Interruptions. At the very least they annoy and frustrate. Sometimes they completely derail us to the point that we don’t even recognize ourselves. We are angry or fearful or argumentative. Our minds are forever foggy and we struggle to think coherent thoughts or make decisions. We are depressed and lethargic just wanting to sleep. We are always teary-eyed, on the verge of a full-blown, unraveling breakdown.
But interruptions can be a good thing. Most often it is in hindsight that we think this – like when we didn’t marry that love of our lives or didn’t take that job or didn’t move into that house. After the fact we realize that it was a good thing that we were interrupted, that our interruption actually proved to be an opportunity, a blessing even. Why must it always be “after the fact” that we come to this realization? Why can we not welcome an interruption?
Consider the Wise Men, Mary and Joseph in the second chapter of Matthew. The Wise Men had crafted a plan based on their observation of a star. King Herod summoned them and gave them clear directions to return to him with news of the Christ child. Their plan was interrupted because the Scriptures tell us in Matthew 2:12b that they departed another way. In this same chapter we learn that Mary and Joseph’s lives were likewise interrupted. Shortly after Mary had given birth Joseph was warned in a dream to take mother and child and go to Egypt.

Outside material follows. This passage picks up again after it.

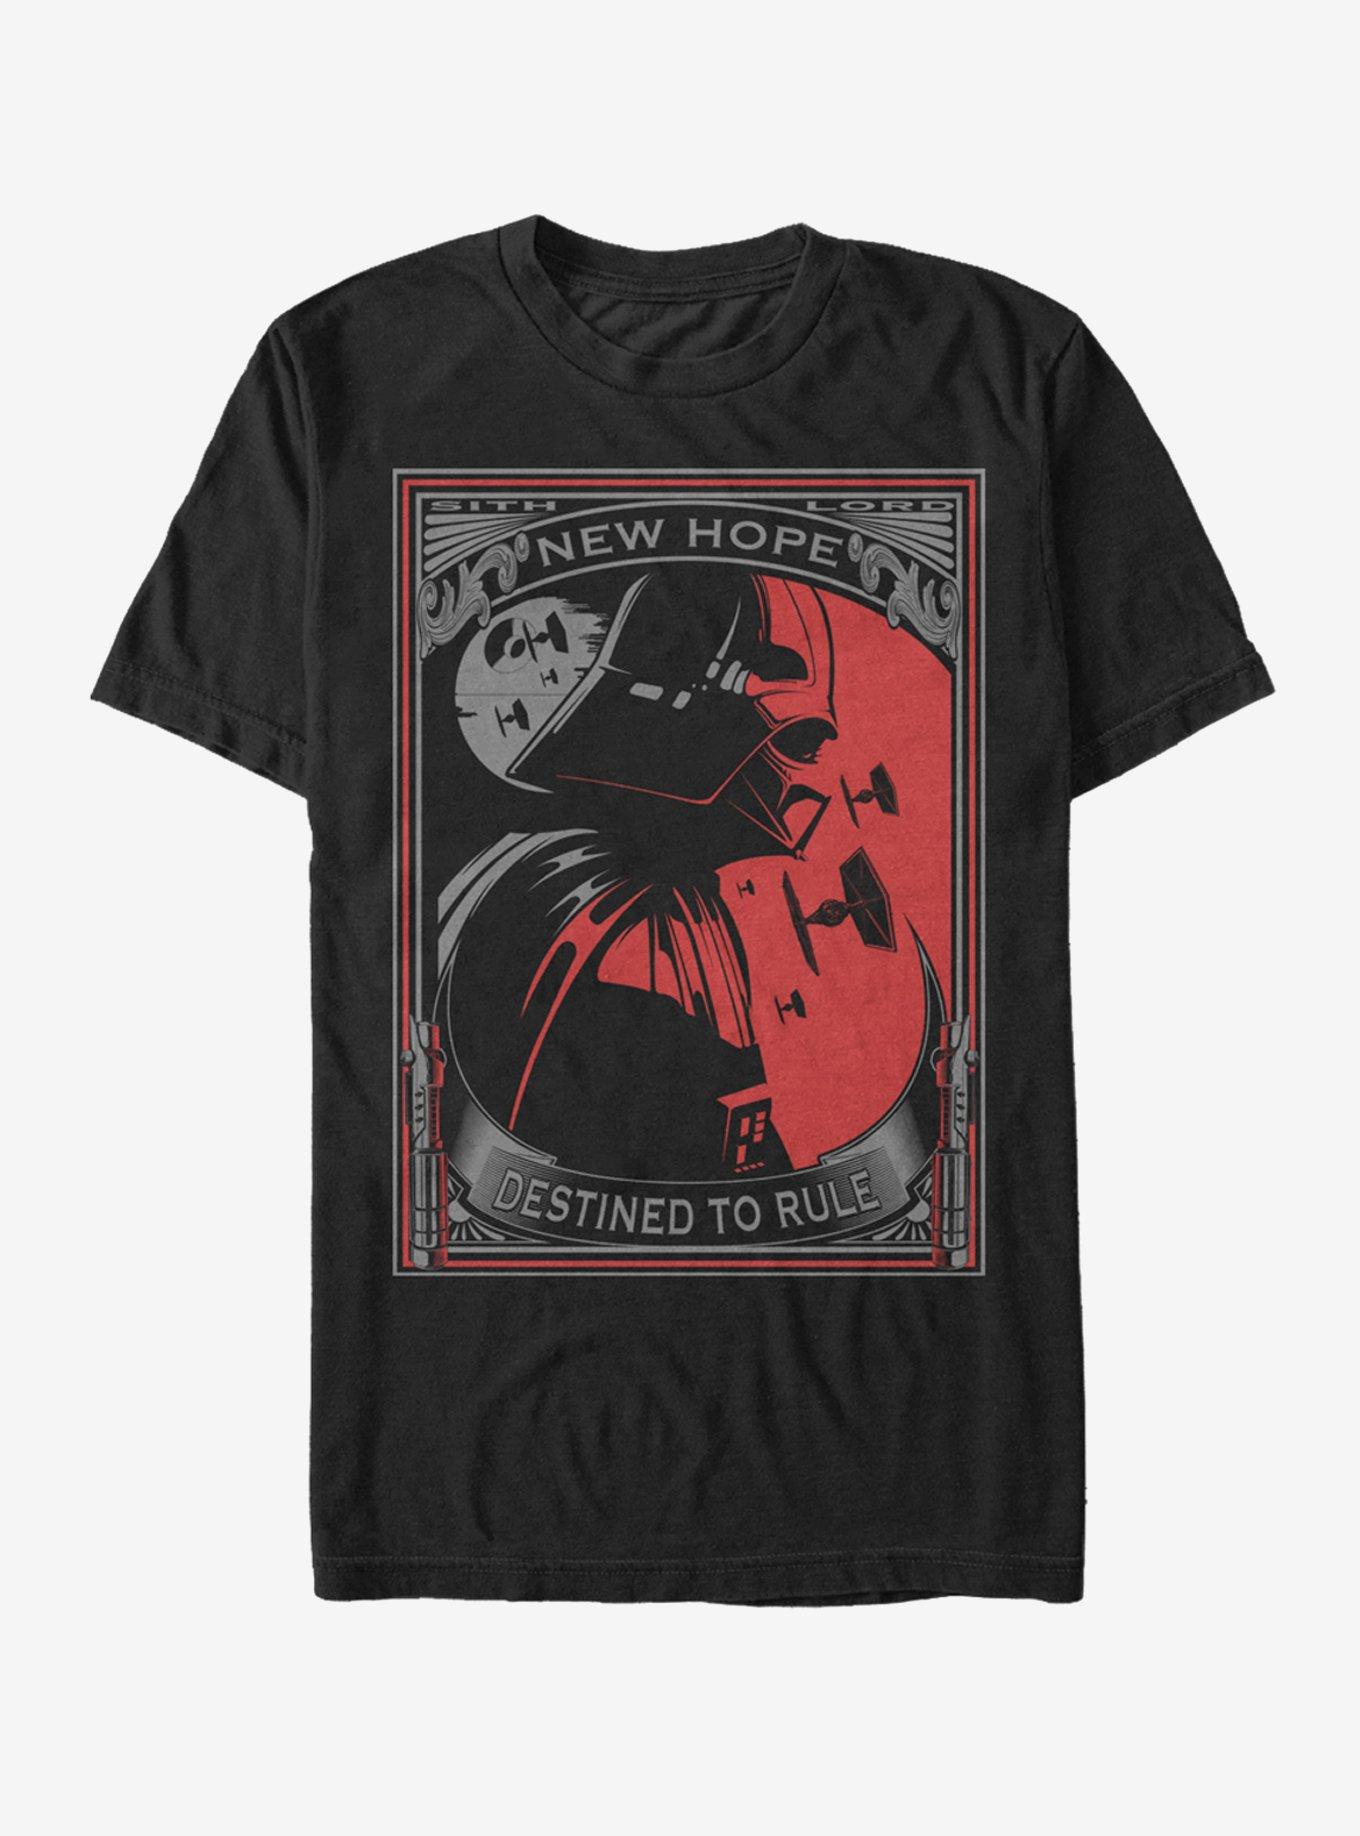 Star Wars Darth Vader Destined to Rule T-Shirt

Interruptions. Surely. But how did the Wise Men, Mary and Joseph respond? Scripture says of the Wise Men that they “departed to their own country by another way.” (ESV) In response to the angel’s directive for Joseph to “rise, take the child and his mother, and flee to Egypt,” Joseph did just that. Verse 14 says, “And he rose and took the child and mother by night and departed to Egypt.” (ESV)
These weren’t really interruptions you argue; these were divine interventions that saved their lives. I won’t argue with you on that, but I will argue that your “interruptions” might well be divine interventions, too. But if we are not readily obedient like the Wise Men and Joseph and Mary, what might we be missing? Life? Fully?